## [AVAILABLE DATA]
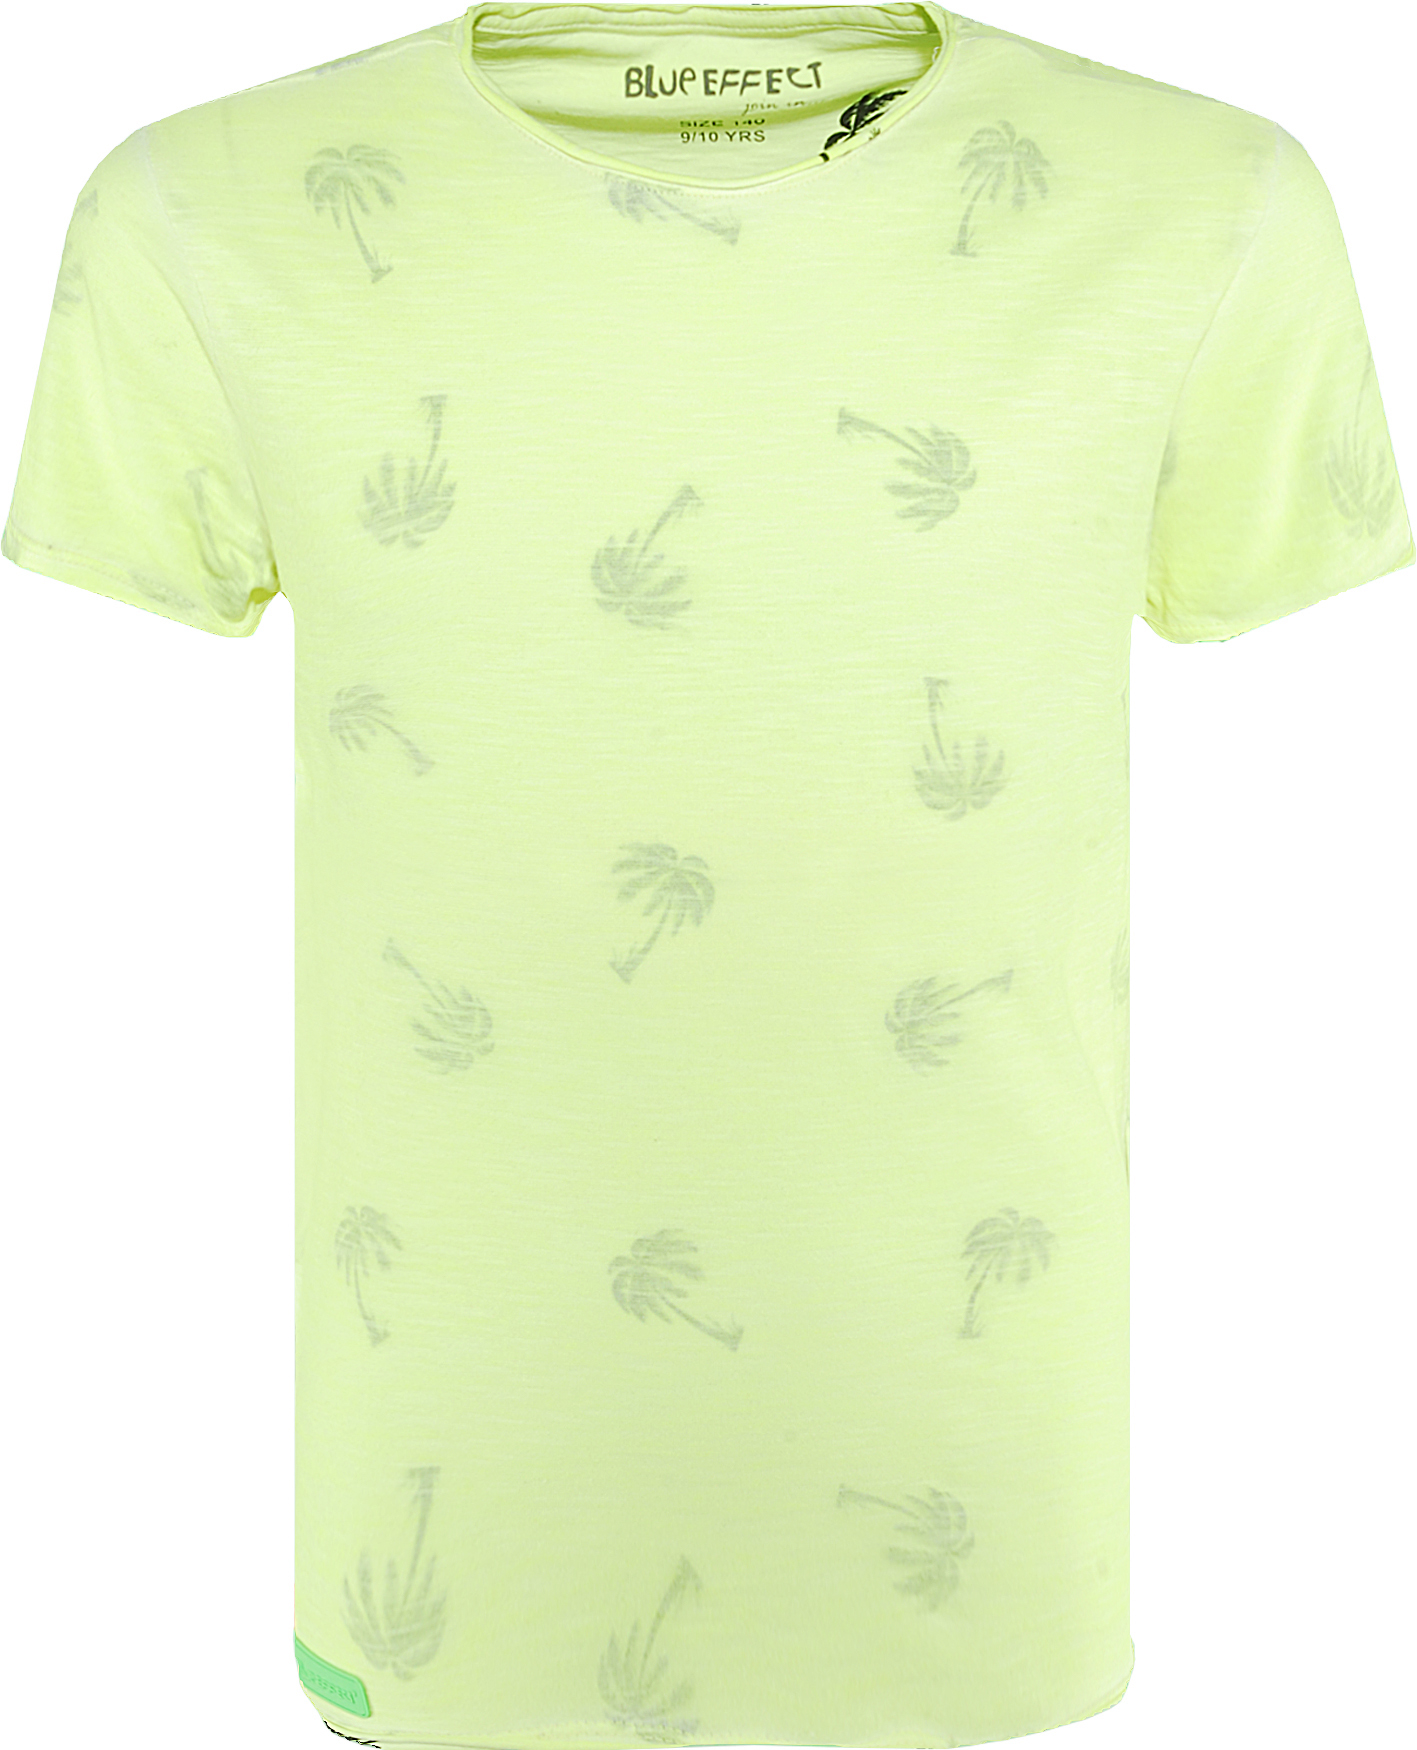 6054-Boys T-Shirt -Palms allover
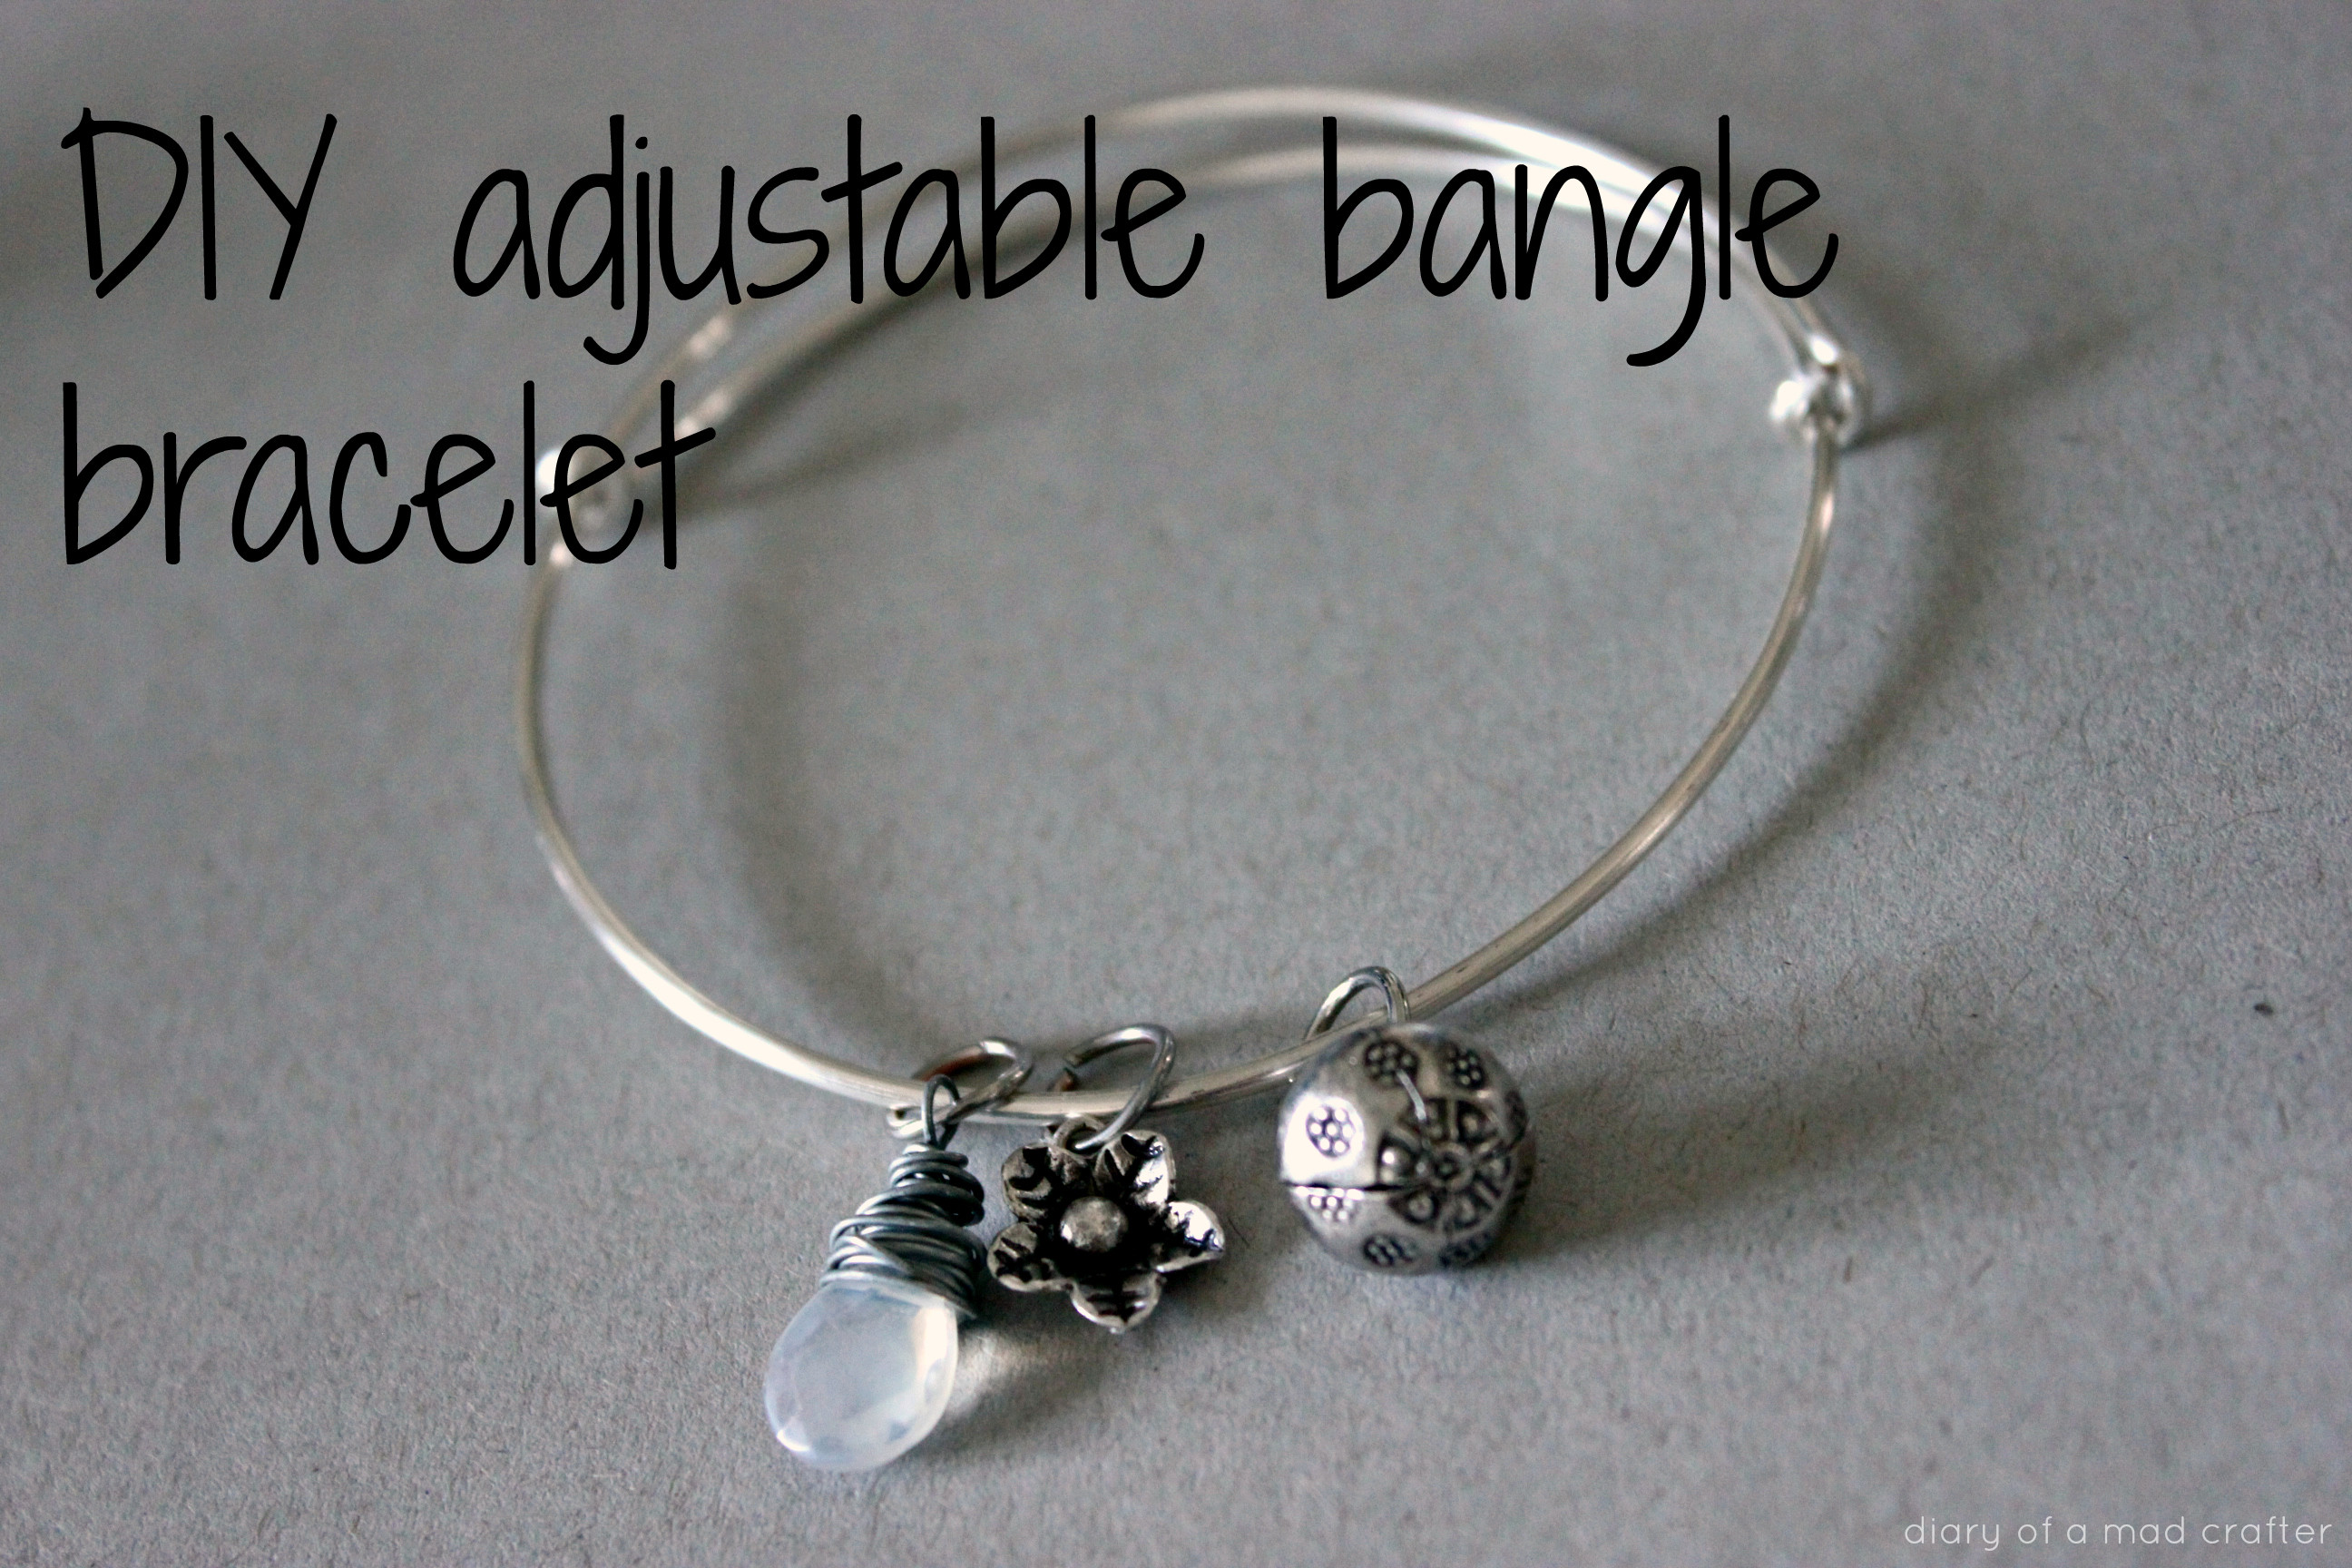 Best ideas about DIY Charms Bracelet
. Save or Pin DIY Adjustable Bangle Bracelet Now.

## [TASK INSTRUCTIONS]
A faithful copy of all the lines above is needed, with the pictures omitted.

## [SOLUTION TO THIS PROBLEM]
 6054-Boys T-Shirt -Palms allover
 Best ideas about DIY Charms Bracelet
. Save or Pin DIY Adjustable Bangle Bracelet Now.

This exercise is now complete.